There’s a famous quote from Bruce Lee: “I fear not the man who has practiced 10,000 kicks once, but I fear the man who has practiced one kick 10,000 times.” It’s about focus, determination, and the fact that persistence yields results.

You’ve heard this before. “The boring stuff works,” we say. But who decided that repetition and routine are boring?

In a 1967 letter to Taky Kimura, a friend and student, Bruce pointed out a different path. Lee had just opened a new martial arts school in LA, and he’d certified Kimura as his replacement instructor for his existing school in Seattle. In the letter, Bruce guides Taky so he can keep the students engaged.

“Follow this rule and you will NEVER feel like you have to ADD more and more so-called ‘sizzling’ techniques to keep our students interested,” Bruce writes. That rule is the “economy of form.”

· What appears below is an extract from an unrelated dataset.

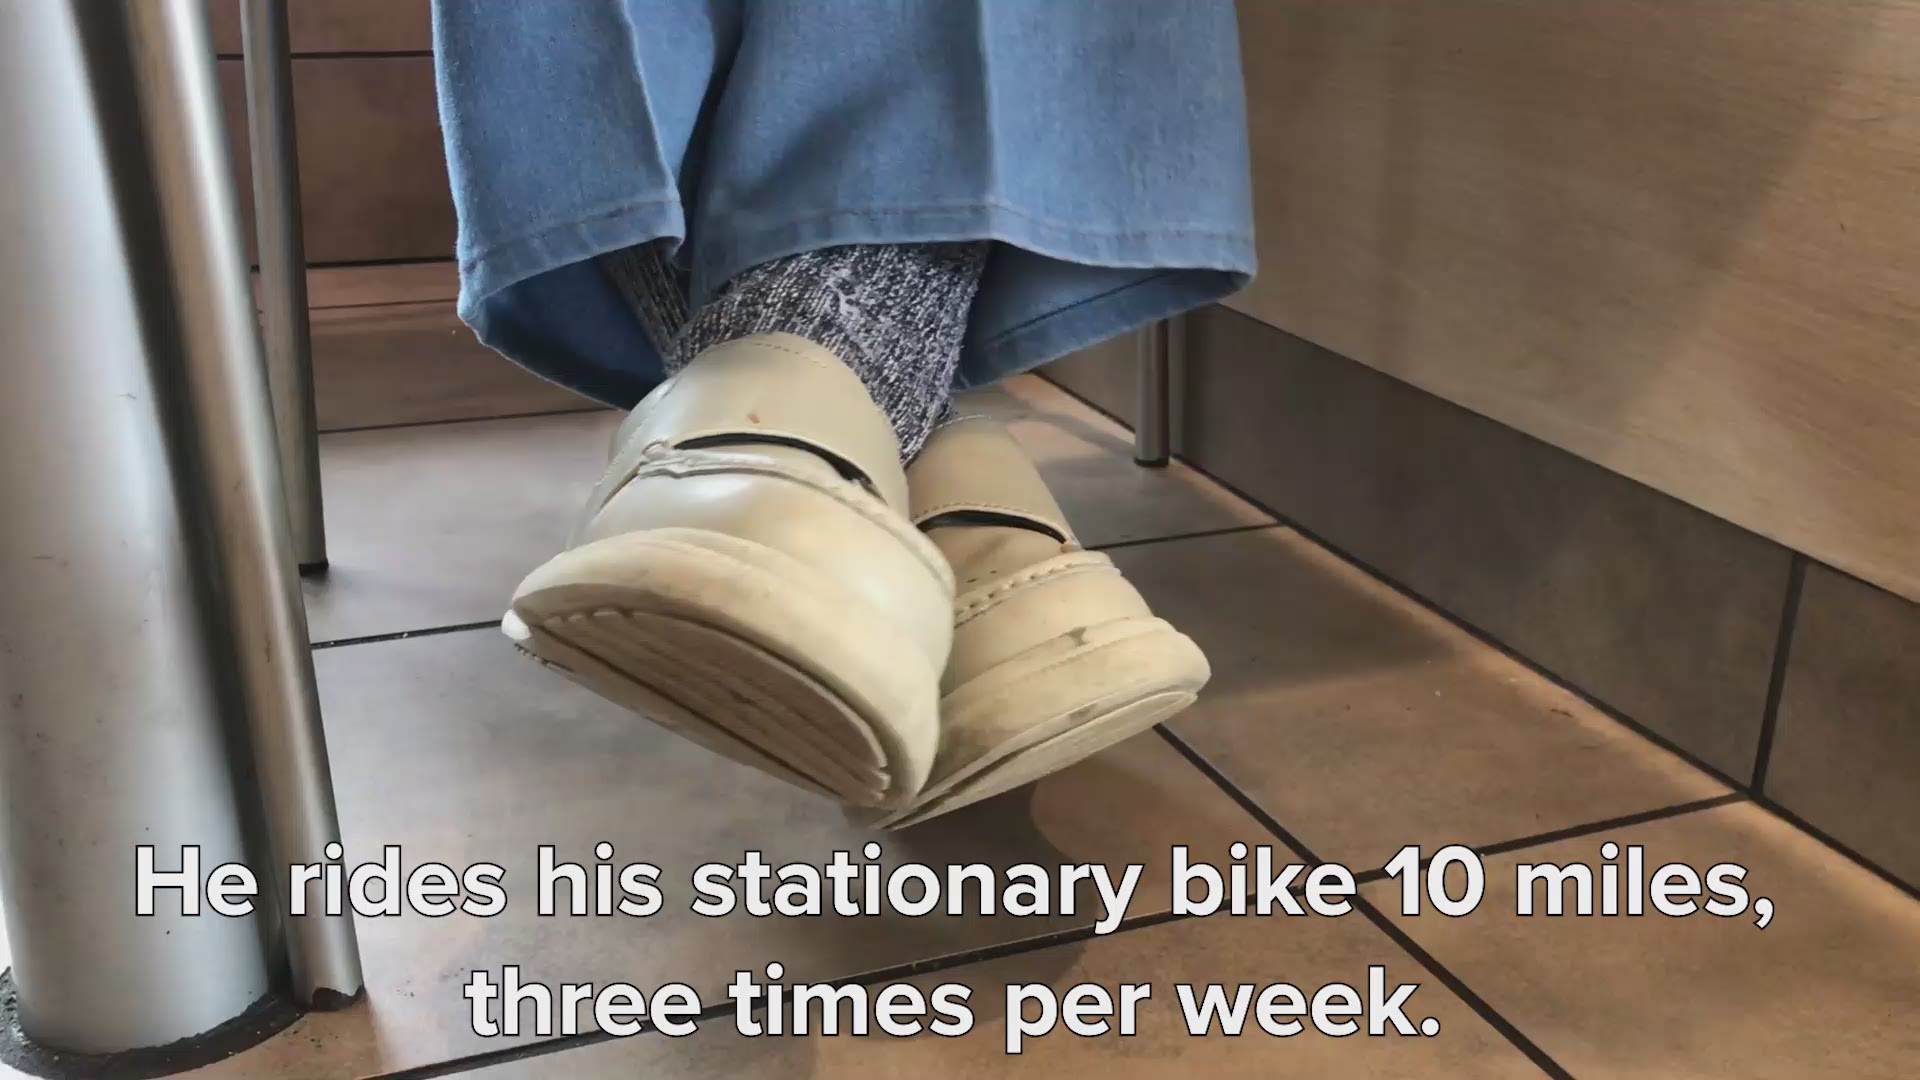 Fred Webb rides his stationary bike 10 miles, three times per week. After 45 years, he hit 70,000 miles. He celebrated by bringing cookies to his nearly daily meeting with his friends at McDonald's.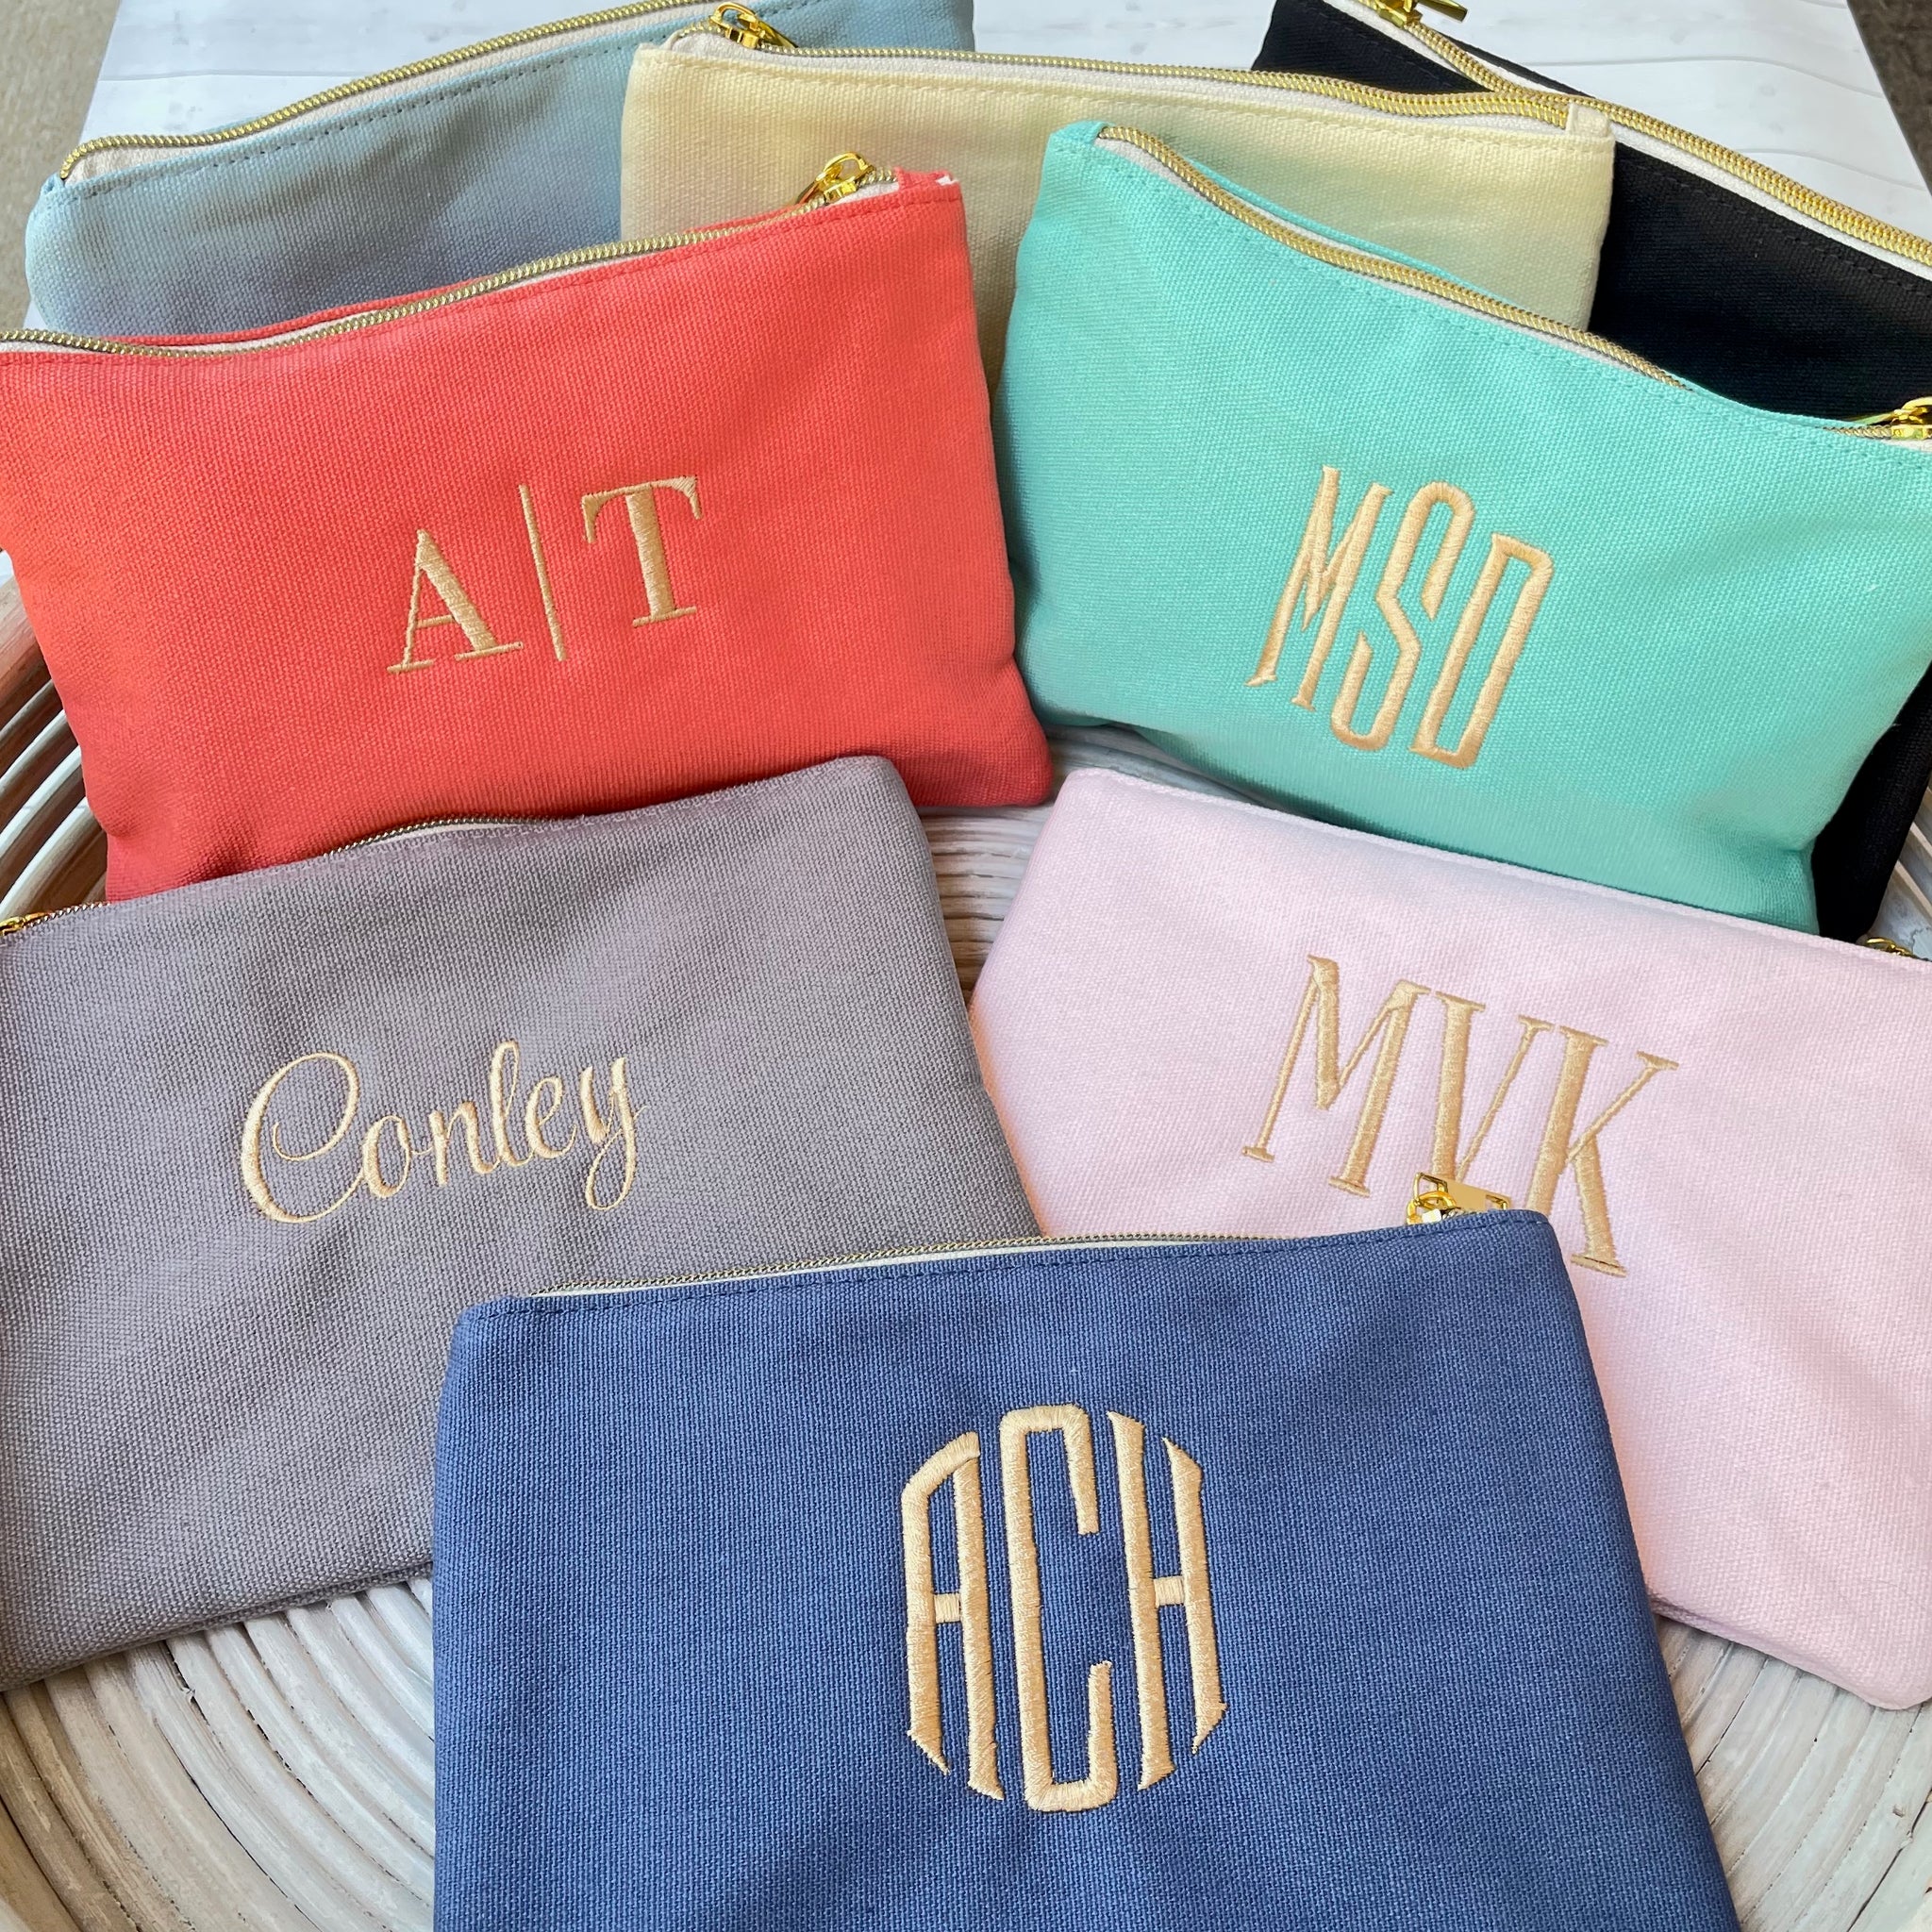 Monogram Canvas Cosmetic Bag - Happy Thoughts Gifts

The idea is that “each student must attack [in unison] FROM THE BAIJONG without any wasted motion.” Should the student exert too much or undirected effort in this particular technique, called “pak sao” or “slapping hand,” “back to the touching hand position he goes to MINIMIZE his unnecessary motions.” Even after a student has mastered the initial steps, Bruce suggests they should return to the practice position on occasion to maintain economic form.

In his system, Bruce also suggested to master the same technique under various conditions: “1. synchronization of self, 2. synchronization with opponent, 3. under fighting condition.” Therefore, between learning the movement itself, doing it efficiently with consistency, practicing it with an opponent in training, and chaining it together with other movements to have a realistic chance at hitting a real enemy, students will have their work cut out for them—and that’s just one technique!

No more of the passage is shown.